A hybrid voxel sampling method for constructing Rad-HUMAN phantom

NUCLEAR PHYSICS AND INTERDISCIPLINARY RESEARCH

A hybrid voxel sampling method for constructing Rad-HUMAN phantom

ZHAO Kai，

CHENG Meng-Yun，

LONG Peng-Cheng，

FAN Yan-Chang，

WANG Wen，

HU Li-Qin，

WU Yi-Can

Nuclear Science and Techniques

Vol.25, No.2

Article number 020503

Published in print 20 Apr 2014

Available online 20 Mar 2014

DOI：10.13538/j.1001-8042/nst.25.020503

37301

An accurate and fast sampling method was developed on the modeling of a voxel phantom called Rad-HUMAN for radiation protection of MC-based radiation transport and simulation. The segmented organ voxels, which were assigned with three dimensional (3D) coordinates, were simplified through a two-step hybrid sampling algorithm. Firstly, certain voxels were sampled into a coordinate matrix by the nearest neighbor sampling. Secondly, the coordinate matrix was renewed using a weighted sampling. To compare visualization with the sampling, the resultant matrix was used to extract the contour of organs/tissues for constructing polygon-surface phantom. The feasibility and effectiveness of the sampling method was verified through the modeling of large organs (e.g. skeleton system) and application of transformation to MC computational geometries.

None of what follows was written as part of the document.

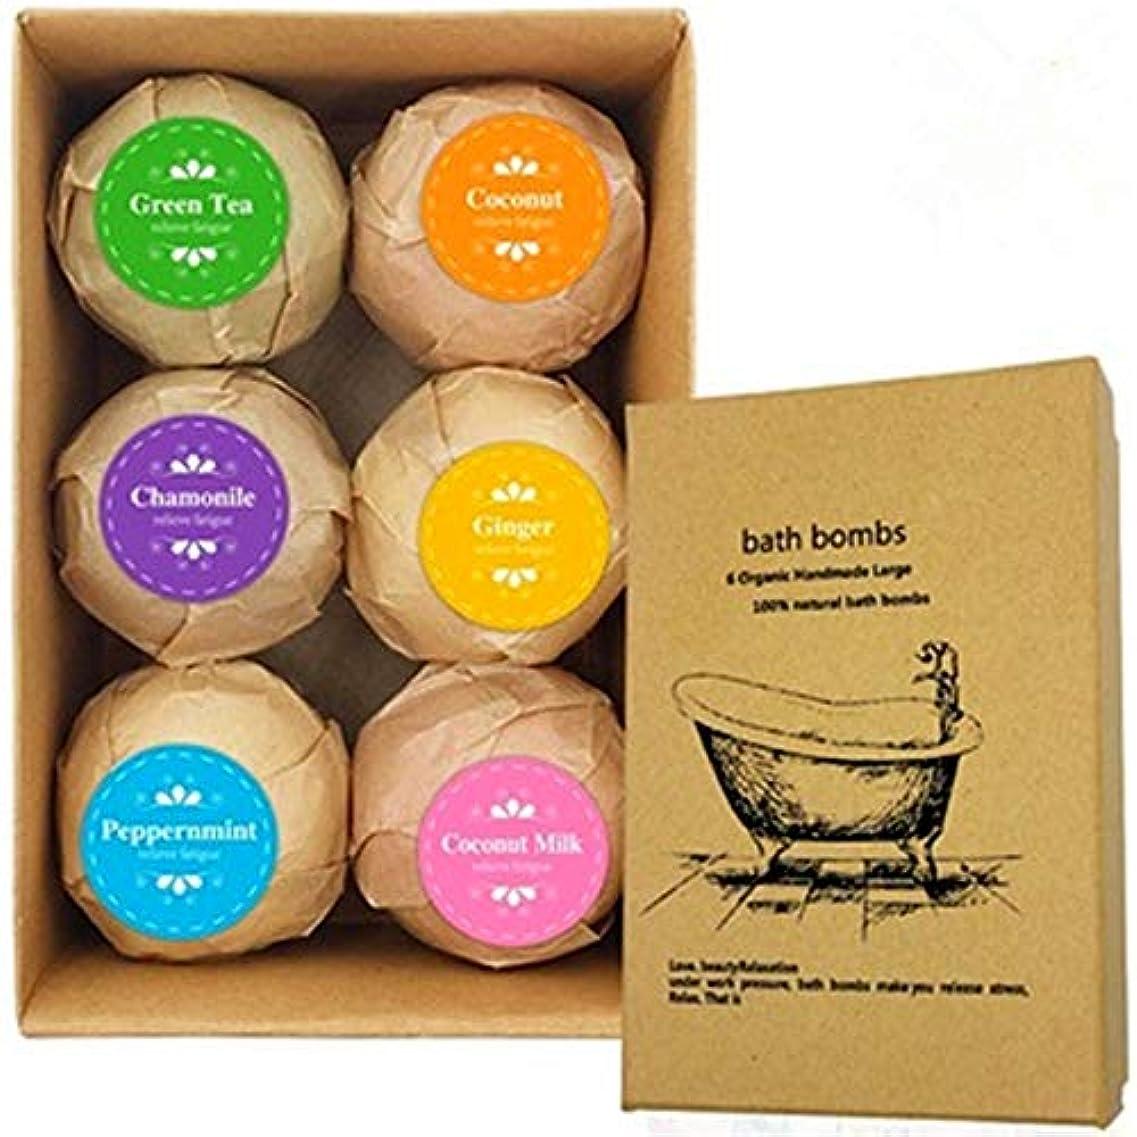 補助金パントリー硫黄バスボム 入浴剤 炭酸 バスボール 6つの香り 手作り 入浴料 うるおいプラス お風呂用 入浴剤 ギフトセット6枚 プレゼント最適

SamplingMonte CarloVoxel3DRad-HUMAN

I. INTRODUCTION

Computational phantoms have been used extensively in radiation protection for Monte Carlo (MC)-based radiation transport and simulation [1]. Accuracy of the phantom plays a critical role in dose calculation [2, 3], and computational phantoms based on color photographic images and containing detailed information of human body have been developed in many countries [4, 6]. However, it is a big problem to deal with the massive voxels accurately [5]. Lots of refinement methods were developed not directly focusing on the original voxels, and sometimes voxels were sampled with interpolation. This may generate some ambiguity that may cause serious problem in whole-body phantom construction. Due to limitation of computer performance, the large organs (e.g. skeleton system) from the image slices cannot be constructed as a whole accurately.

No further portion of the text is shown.